BE quer que pais de filhos até 12 anos possam optar por teletrabalho de forma unilateral
A lei laboral diz hoje que pais de crianças até três anos podem pedir para teletrabalhar, sem que o empregador possa recusar. BE quer que trabalhadores com filhos até 12 anos tenham mesmo direito.
O Bloco de Esquerda quer que os trabalhadores com filhos menores de 12 anos possam optar por exercer as suas funções em teletrabalho ou em regime de trabalho à distância, mesmo contra a vontade do empregador, isto é, sem que este possa opor-se ao pedido. Isto desde que o trabalho em causa seja compatível com a modalidade remota e que a entidade patronal disponha de recursos e meios para o efeito.
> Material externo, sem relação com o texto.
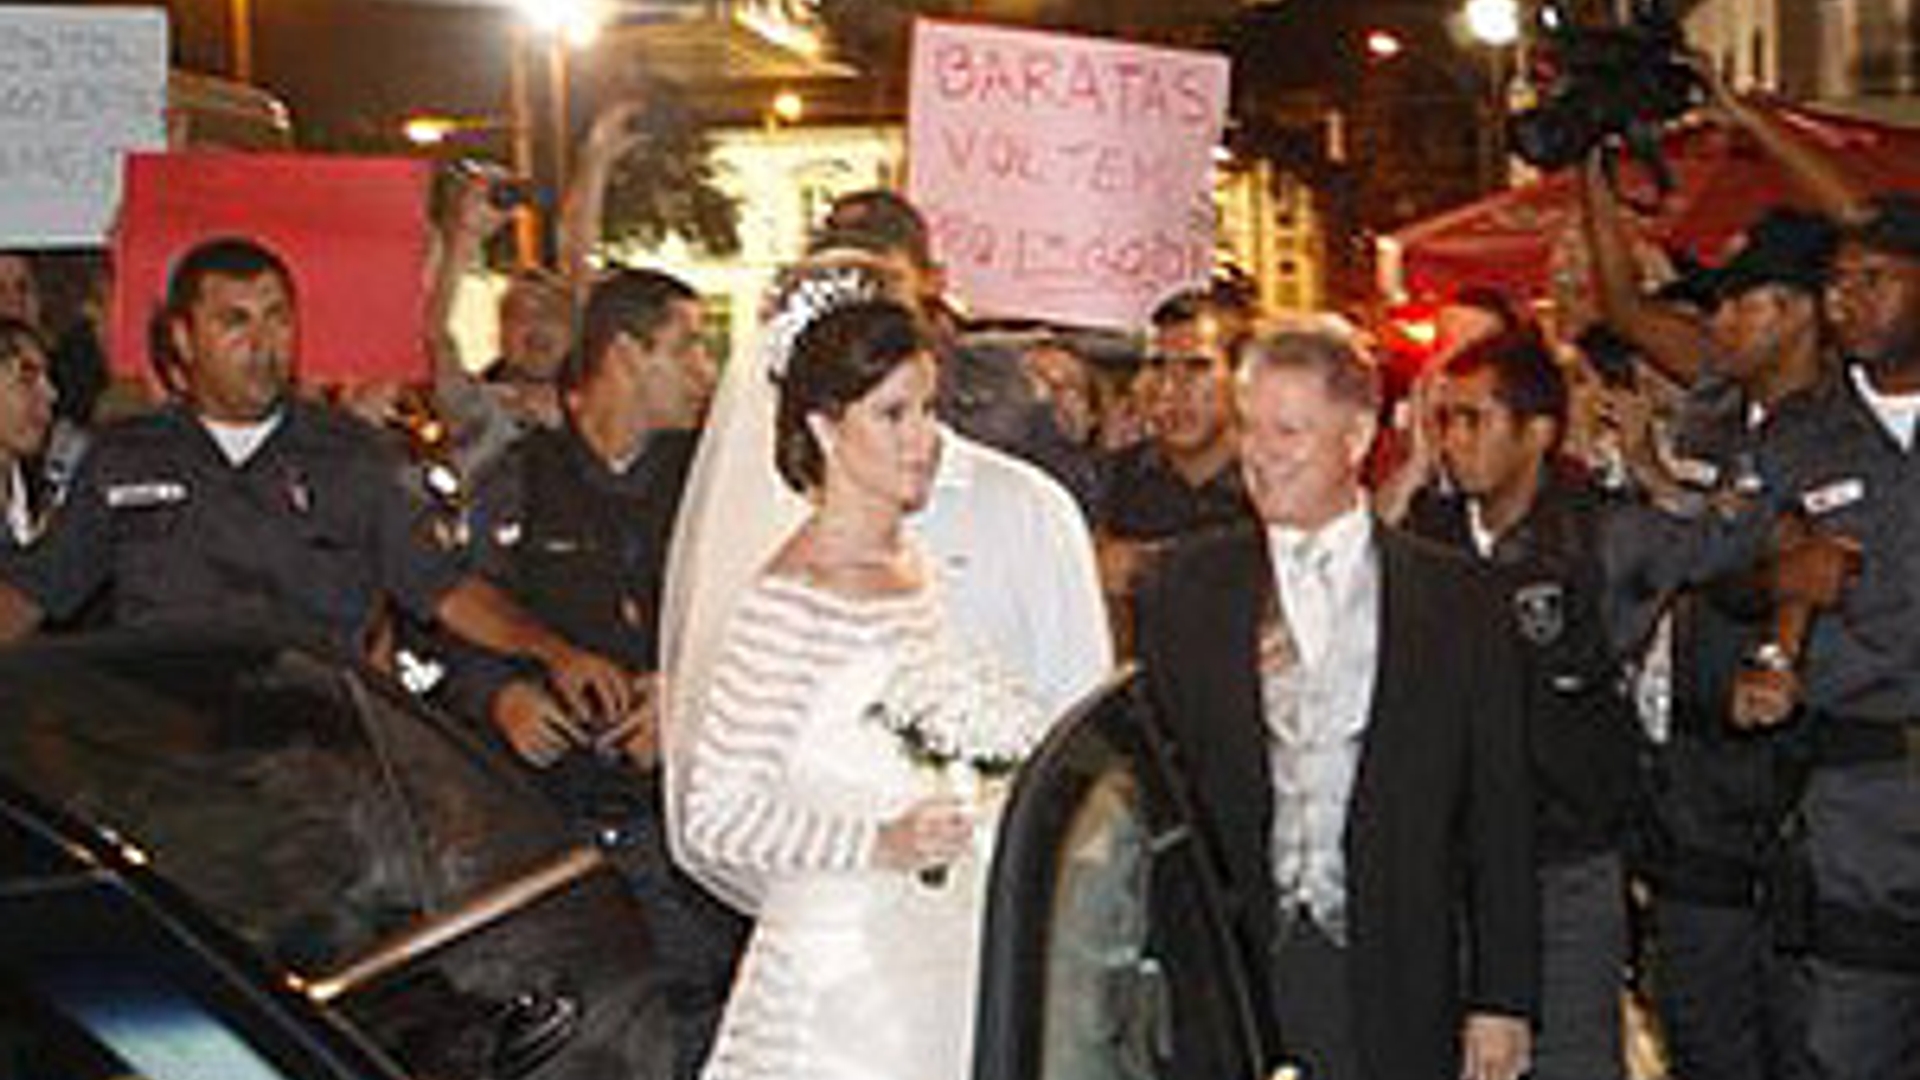 RTEmagicC_huwelijk-copacabana-palace2.jpg

Esta proposta consta do ante-projeto de lei apresentado, esta quinta-feira, pelo Bloco de Esquerda na Assembleia da República, cujo objetivo é alterar o regime jurídico-laboral do teletrabalho, “garantindo maior proteção ao trabalhador”.
A pandemia de coronavírus atirou milhares de trabalhadores para o teletrabalho e pôs a nu, consequentemente, a necessidade de densificar e alterar o enquadramento legal dessa modalidade, entendem os bloquistas.
Por isso, o BE decidiu avançar com um ante-projeto de lei que propõe, além da medida já referida, o alargamento do período em que o trabalhador pode denunciar o acordo de teletrabalho e o reforço do direito a desligar. O partido liderado por Catarina Martins quer, além disso, assegurar que, em teletrabalho, cabe ao empregador pagar as despesas da energia, água e telecomunicações resultantes da prestação do trabalho à distância.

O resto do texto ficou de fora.